19595Après le gros flop (à mes yeux) de High School of the Dead, j’ai carrément rayé les animes de ma vie de tous les jours. Déjà que je n’en regardais plus beaucoup, que j’ai quitté le site d’animes et mangas dont je m’occupais (site que je conseille d’ailleurs à tous pour, entre autres, la grande richesse de sa base de données et sa façon pratique pour trier les animes/mangas vus/lus à la manière d’IMDB) et que mon temps libre continuait de se raréfier, j’ai pour ainsi dire coupé tout lien avec la japanime depuis quelques mois.

Et puis cette semaine, j’ai voulu renouer avec cette façon légère de passer le temps. Dans un premier temps avec du yaoi, par le biais des OAV Kirepapa pour ne pas les citer. OAV qui tournent d’ailleurs plus au shōnen-ai complètement tiré par les cheveux qu’à un véritable yaoi, mais bon, ça reste du BL donc je ne vais pas cracher dessus.
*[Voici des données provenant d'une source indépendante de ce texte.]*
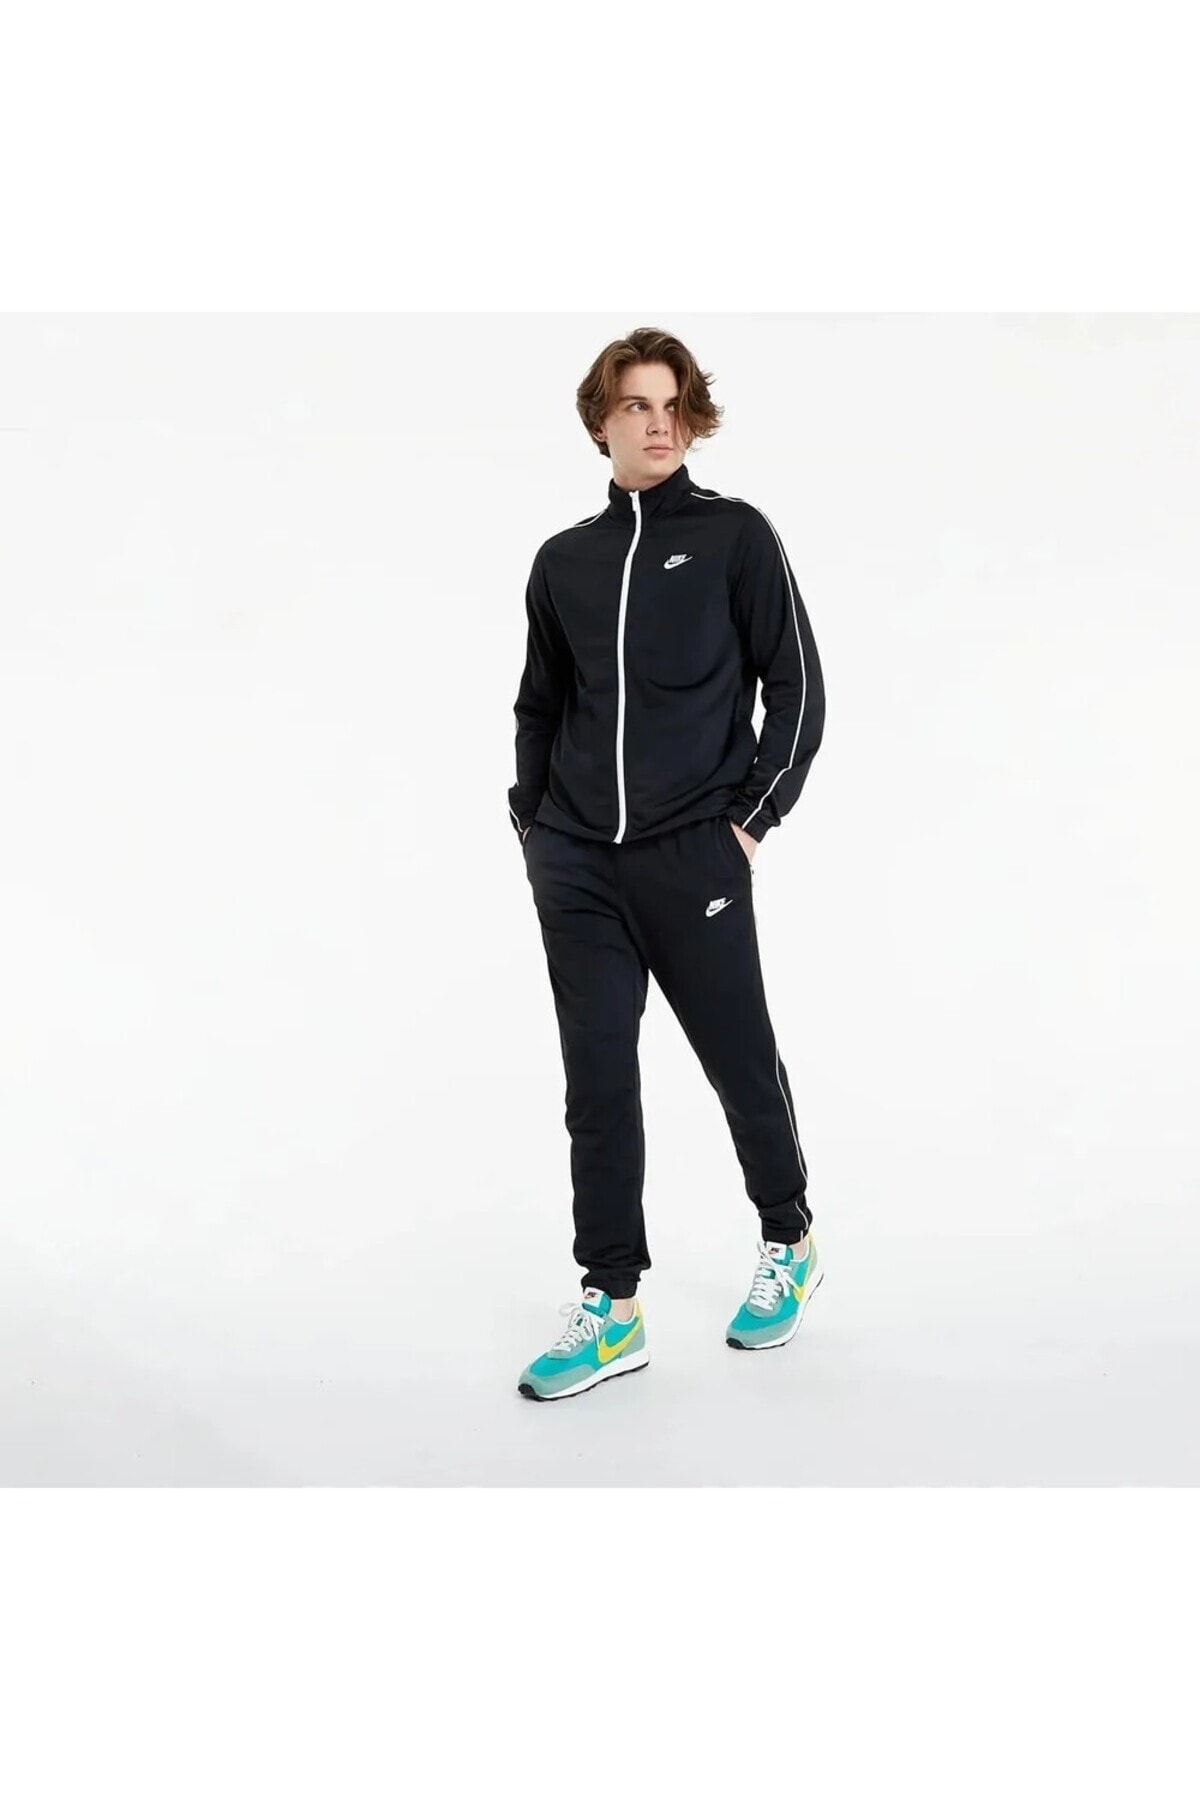 Nike Sportswear Black Men's Tracksuit Set DN4369-010

Et dans un second temps, via le film issu de la série télévisée Suzumiya Haruhi no Yūutsu : Suzumiya Haruhi no Shōshitsu (la disparition de Haruhi Suzumiya pour le grand public, 涼宮ハルヒの消失 pour l’élite). Attendu par les fans depuis quelques temps, ce film est à la hauteur des fières espérances du public. Rien qu’au niveau de sa durée, qui se tient sur 2h40 sans s’essouffler. Autant être franche : on en apprend plus en un film, on en voit plus en un film, que dans une deuxième saison plutôt décevante. Face au soufflé dégonflé de l’Endless 8 (qui était, comme l’a décrit Gurotaku : « la troisième cause de décès en 2009 après la cigarette et Chuck Norris »), toute l’équipe de la série s’est largement rattrapée en nous concoctant un film prêt à faire renouer quiconque avec l’animation japonaise ; film basé sur le quatrième tome des romans originaux de la série Suzumiya, paru en 2004 au Japon, et vu comme le meilleur de la série.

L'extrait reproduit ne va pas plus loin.